» REQUIRED WORK:
Without changing anything, reproduce every record below.

[RECORDS FOR THIS TASK Boundary: Start]

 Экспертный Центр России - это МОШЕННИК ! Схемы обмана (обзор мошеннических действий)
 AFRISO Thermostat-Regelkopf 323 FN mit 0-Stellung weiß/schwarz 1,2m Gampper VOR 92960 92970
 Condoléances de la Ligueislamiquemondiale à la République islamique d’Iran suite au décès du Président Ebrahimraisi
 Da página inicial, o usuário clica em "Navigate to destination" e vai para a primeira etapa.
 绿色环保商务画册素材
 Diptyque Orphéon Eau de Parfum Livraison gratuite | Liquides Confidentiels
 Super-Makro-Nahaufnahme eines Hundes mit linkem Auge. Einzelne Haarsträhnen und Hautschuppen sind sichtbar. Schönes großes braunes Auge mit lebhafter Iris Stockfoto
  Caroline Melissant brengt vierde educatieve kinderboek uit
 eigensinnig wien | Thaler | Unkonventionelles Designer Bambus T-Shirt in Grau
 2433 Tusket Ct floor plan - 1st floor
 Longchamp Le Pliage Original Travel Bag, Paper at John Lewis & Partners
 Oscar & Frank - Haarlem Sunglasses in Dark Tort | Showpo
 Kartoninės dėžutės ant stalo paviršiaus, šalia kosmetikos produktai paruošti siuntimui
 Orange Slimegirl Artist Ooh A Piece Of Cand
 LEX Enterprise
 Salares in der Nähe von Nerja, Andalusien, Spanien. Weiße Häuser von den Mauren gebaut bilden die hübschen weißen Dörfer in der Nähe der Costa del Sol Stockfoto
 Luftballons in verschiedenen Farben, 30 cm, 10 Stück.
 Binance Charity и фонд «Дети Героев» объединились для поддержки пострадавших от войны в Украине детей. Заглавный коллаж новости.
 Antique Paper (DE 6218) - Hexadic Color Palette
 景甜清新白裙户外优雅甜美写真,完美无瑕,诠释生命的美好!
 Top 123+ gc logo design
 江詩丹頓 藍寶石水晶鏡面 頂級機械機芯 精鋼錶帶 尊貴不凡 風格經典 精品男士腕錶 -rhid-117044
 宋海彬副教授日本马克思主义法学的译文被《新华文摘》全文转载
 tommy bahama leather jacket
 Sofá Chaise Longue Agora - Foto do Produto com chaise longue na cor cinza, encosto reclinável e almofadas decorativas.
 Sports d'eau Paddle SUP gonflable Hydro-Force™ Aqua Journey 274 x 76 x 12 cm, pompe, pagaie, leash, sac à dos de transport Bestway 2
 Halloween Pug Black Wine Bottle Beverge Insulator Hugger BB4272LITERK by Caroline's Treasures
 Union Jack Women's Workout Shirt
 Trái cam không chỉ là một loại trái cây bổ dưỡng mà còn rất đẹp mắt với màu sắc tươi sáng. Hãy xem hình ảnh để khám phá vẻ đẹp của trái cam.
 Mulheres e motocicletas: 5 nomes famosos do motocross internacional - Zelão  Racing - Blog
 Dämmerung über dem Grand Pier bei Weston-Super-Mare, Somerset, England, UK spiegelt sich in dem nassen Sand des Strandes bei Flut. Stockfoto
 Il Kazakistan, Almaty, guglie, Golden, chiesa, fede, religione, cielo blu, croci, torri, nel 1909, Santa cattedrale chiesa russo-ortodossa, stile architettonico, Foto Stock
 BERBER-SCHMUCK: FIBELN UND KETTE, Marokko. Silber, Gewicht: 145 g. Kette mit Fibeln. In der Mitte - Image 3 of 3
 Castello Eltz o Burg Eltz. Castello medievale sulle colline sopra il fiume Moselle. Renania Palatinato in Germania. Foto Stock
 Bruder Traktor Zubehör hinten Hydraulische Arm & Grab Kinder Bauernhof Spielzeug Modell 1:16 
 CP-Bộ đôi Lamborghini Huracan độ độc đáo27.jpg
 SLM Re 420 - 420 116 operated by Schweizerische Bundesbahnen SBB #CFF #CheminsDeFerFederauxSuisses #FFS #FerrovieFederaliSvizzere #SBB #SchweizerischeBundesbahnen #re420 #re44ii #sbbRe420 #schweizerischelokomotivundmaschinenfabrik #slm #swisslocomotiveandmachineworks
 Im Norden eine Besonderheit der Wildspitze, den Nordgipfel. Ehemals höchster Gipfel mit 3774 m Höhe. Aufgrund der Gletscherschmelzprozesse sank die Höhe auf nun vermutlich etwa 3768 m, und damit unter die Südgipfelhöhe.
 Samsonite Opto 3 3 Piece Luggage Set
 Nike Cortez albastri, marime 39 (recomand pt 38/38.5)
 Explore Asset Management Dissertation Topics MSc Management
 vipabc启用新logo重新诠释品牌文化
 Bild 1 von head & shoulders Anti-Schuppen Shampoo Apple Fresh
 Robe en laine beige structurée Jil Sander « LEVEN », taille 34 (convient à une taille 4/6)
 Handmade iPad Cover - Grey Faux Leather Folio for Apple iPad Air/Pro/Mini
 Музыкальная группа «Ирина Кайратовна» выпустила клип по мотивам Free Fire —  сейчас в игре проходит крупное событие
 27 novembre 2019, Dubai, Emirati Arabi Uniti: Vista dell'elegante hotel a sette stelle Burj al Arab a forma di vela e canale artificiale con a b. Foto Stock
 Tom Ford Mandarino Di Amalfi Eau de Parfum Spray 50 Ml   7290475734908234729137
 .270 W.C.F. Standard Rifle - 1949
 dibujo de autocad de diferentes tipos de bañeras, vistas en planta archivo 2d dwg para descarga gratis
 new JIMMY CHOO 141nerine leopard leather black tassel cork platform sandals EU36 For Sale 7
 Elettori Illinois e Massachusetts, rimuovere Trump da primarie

[RECORDS FOR THIS TASK Boundary: End]

» THE COMPLETED TASK:
 Экспертный Центр России - это МОШЕННИК ! Схемы обмана (обзор мошеннических действий)
 AFRISO Thermostat-Regelkopf 323 FN mit 0-Stellung weiß/schwarz 1,2m Gampper VOR 92960 92970
 Condoléances de la Ligueislamiquemondiale à la République islamique d’Iran suite au décès du Président Ebrahimraisi
 Da página inicial, o usuário clica em "Navigate to destination" e vai para a primeira etapa.
 绿色环保商务画册素材
 Diptyque Orphéon Eau de Parfum Livraison gratuite | Liquides Confidentiels
 Super-Makro-Nahaufnahme eines Hundes mit linkem Auge. Einzelne Haarsträhnen und Hautschuppen sind sichtbar. Schönes großes braunes Auge mit lebhafter Iris Stockfoto
  Caroline Melissant brengt vierde educatieve kinderboek uit
 eigensinnig wien | Thaler | Unkonventionelles Designer Bambus T-Shirt in Grau
 2433 Tusket Ct floor plan - 1st floor
 Longchamp Le Pliage Original Travel Bag, Paper at John Lewis & Partners
 Oscar & Frank - Haarlem Sunglasses in Dark Tort | Showpo
 Kartoninės dėžutės ant stalo paviršiaus, šalia kosmetikos produktai paruošti siuntimui
 Orange Slimegirl Artist Ooh A Piece Of Cand
 LEX Enterprise
 Salares in der Nähe von Nerja, Andalusien, Spanien. Weiße Häuser von den Mauren gebaut bilden die hübschen weißen Dörfer in der Nähe der Costa del Sol Stockfoto
 Luftballons in verschiedenen Farben, 30 cm, 10 Stück.
 Binance Charity и фонд «Дети Героев» объединились для поддержки пострадавших от войны в Украине детей. Заглавный коллаж новости.
 Antique Paper (DE 6218) - Hexadic Color Palette
 景甜清新白裙户外优雅甜美写真,完美无瑕,诠释生命的美好!
 Top 123+ gc logo design
 江詩丹頓 藍寶石水晶鏡面 頂級機械機芯 精鋼錶帶 尊貴不凡 風格經典 精品男士腕錶 -rhid-117044
 宋海彬副教授日本马克思主义法学的译文被《新华文摘》全文转载
 tommy bahama leather jacket
 Sofá Chaise Longue Agora - Foto do Produto com chaise longue na cor cinza, encosto reclinável e almofadas decorativas.
 Sports d'eau Paddle SUP gonflable Hydro-Force™ Aqua Journey 274 x 76 x 12 cm, pompe, pagaie, leash, sac à dos de transport Bestway 2
 Halloween Pug Black Wine Bottle Beverge Insulator Hugger BB4272LITERK by Caroline's Treasures
 Union Jack Women's Workout Shirt
 Trái cam không chỉ là một loại trái cây bổ dưỡng mà còn rất đẹp mắt với màu sắc tươi sáng. Hãy xem hình ảnh để khám phá vẻ đẹp của trái cam.
 Mulheres e motocicletas: 5 nomes famosos do motocross internacional - Zelão  Racing - Blog
 Dämmerung über dem Grand Pier bei Weston-Super-Mare, Somerset, England, UK spiegelt sich in dem nassen Sand des Strandes bei Flut. Stockfoto
 Il Kazakistan, Almaty, guglie, Golden, chiesa, fede, religione, cielo blu, croci, torri, nel 1909, Santa cattedrale chiesa russo-ortodossa, stile architettonico, Foto Stock
 BERBER-SCHMUCK: FIBELN UND KETTE, Marokko. Silber, Gewicht: 145 g. Kette mit Fibeln. In der Mitte - Image 3 of 3
 Castello Eltz o Burg Eltz. Castello medievale sulle colline sopra il fiume Moselle. Renania Palatinato in Germania. Foto Stock
 Bruder Traktor Zubehör hinten Hydraulische Arm & Grab Kinder Bauernhof Spielzeug Modell 1:16 
 CP-Bộ đôi Lamborghini Huracan độ độc đáo27.jpg
 SLM Re 420 - 420 116 operated by Schweizerische Bundesbahnen SBB #CFF #CheminsDeFerFederauxSuisses #FFS #FerrovieFederaliSvizzere #SBB #SchweizerischeBundesbahnen #re420 #re44ii #sbbRe420 #schweizerischelokomotivundmaschinenfabrik #slm #swisslocomotiveandmachineworks
 Im Norden eine Besonderheit der Wildspitze, den Nordgipfel. Ehemals höchster Gipfel mit 3774 m Höhe. Aufgrund der Gletscherschmelzprozesse sank die Höhe auf nun vermutlich etwa 3768 m, und damit unter die Südgipfelhöhe.
 Samsonite Opto 3 3 Piece Luggage Set
 Nike Cortez albastri, marime 39 (recomand pt 38/38.5)
 Explore Asset Management Dissertation Topics MSc Management
 vipabc启用新logo重新诠释品牌文化
 Bild 1 von head & shoulders Anti-Schuppen Shampoo Apple Fresh
 Robe en laine beige structurée Jil Sander « LEVEN », taille 34 (convient à une taille 4/6)
 Handmade iPad Cover - Grey Faux Leather Folio for Apple iPad Air/Pro/Mini
 Музыкальная группа «Ирина Кайратовна» выпустила клип по мотивам Free Fire —  сейчас в игре проходит крупное событие
 27 novembre 2019, Dubai, Emirati Arabi Uniti: Vista dell'elegante hotel a sette stelle Burj al Arab a forma di vela e canale artificiale con a b. Foto Stock
 Tom Ford Mandarino Di Amalfi Eau de Parfum Spray 50 Ml   7290475734908234729137
 .270 W.C.F. Standard Rifle - 1949
 dibujo de autocad de diferentes tipos de bañeras, vistas en planta archivo 2d dwg para descarga gratis
 new JIMMY CHOO 141nerine leopard leather black tassel cork platform sandals EU36 For Sale 7
 Elettori Illinois e Massachusetts, rimuovere Trump da primarie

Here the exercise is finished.